Data provided:
::::::

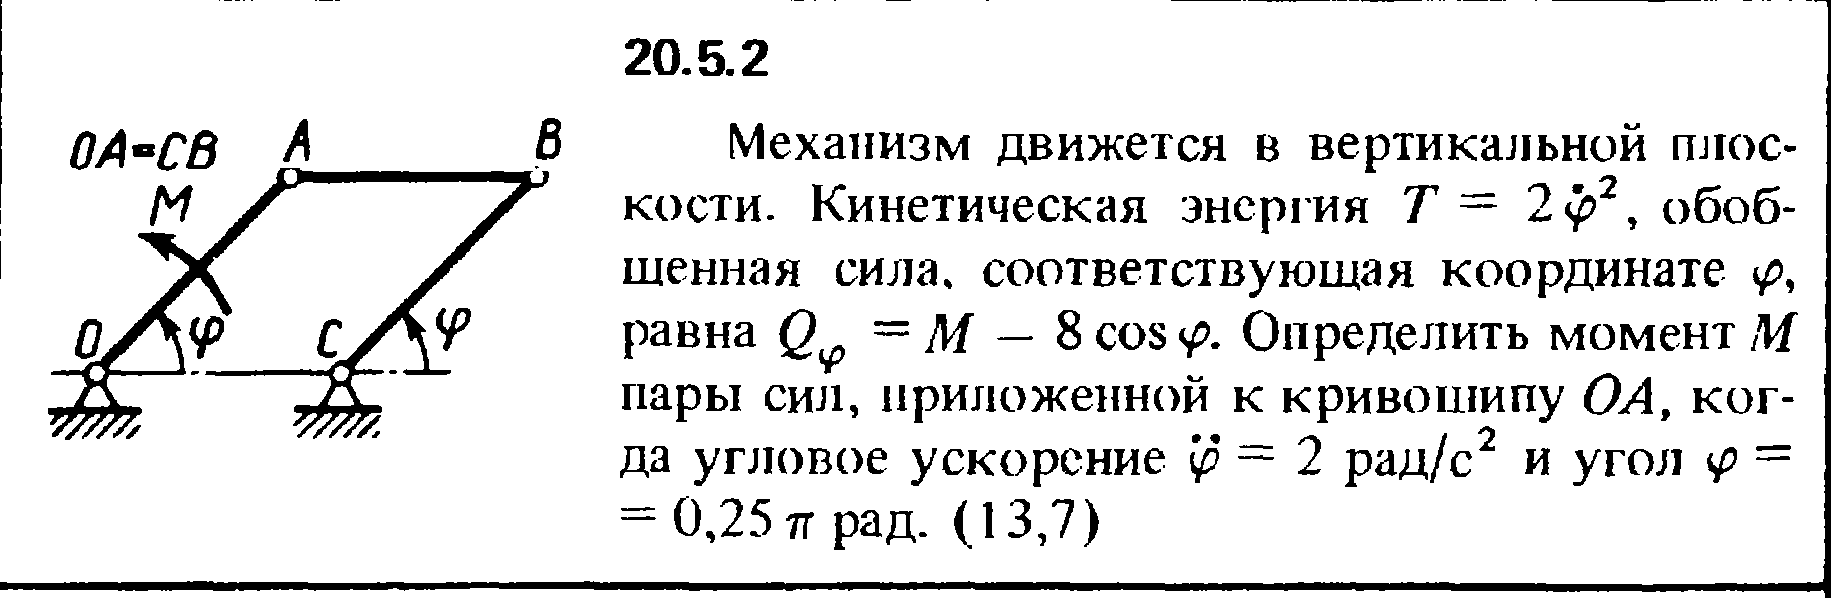 Решение 20.5.2 из сборника (решебника) Кепе О.Е. 1989
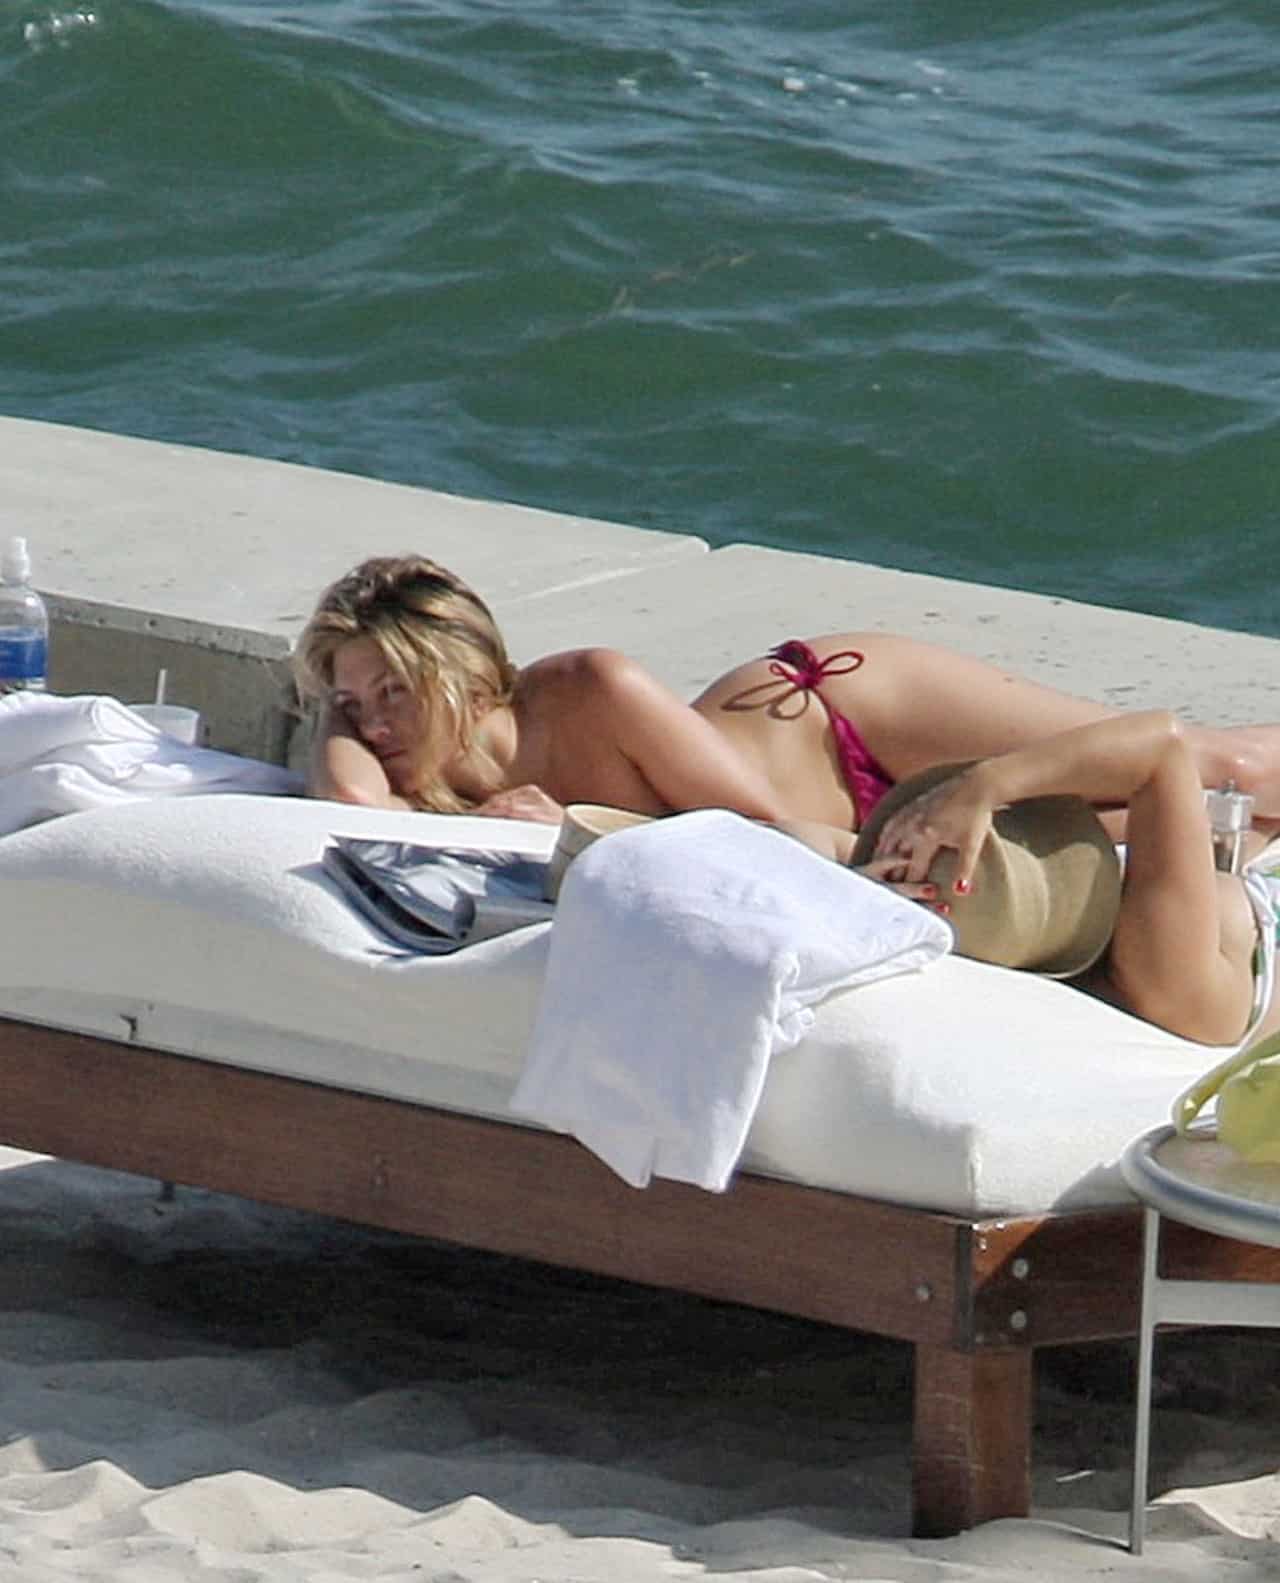 Jennifer Aniston Shows Off Her Figure in a Pink Bikini in Miami
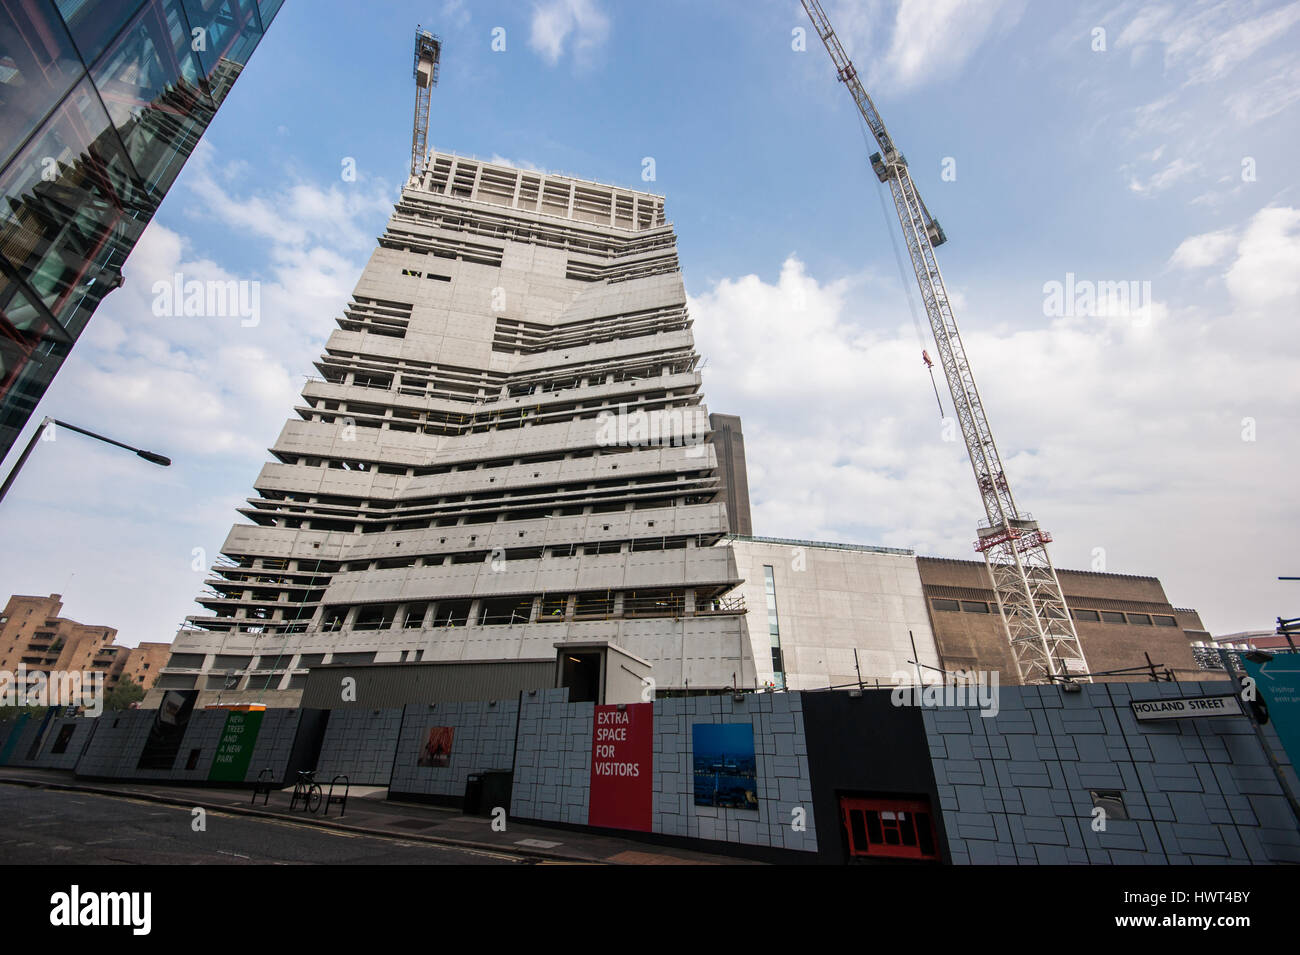 Tate Modern expansion by Herzog & de Meuron architects under ...

::::::

Exercise instructions:
Retype the listing exactly and drop the pictures.

Reply:
 Решение 20.5.2 из сборника (решебника) Кепе О.Е. 1989
 Jennifer Aniston Shows Off Her Figure in a Pink Bikini in Miami
 Tate Modern expansion by Herzog & de Meuron architects under ...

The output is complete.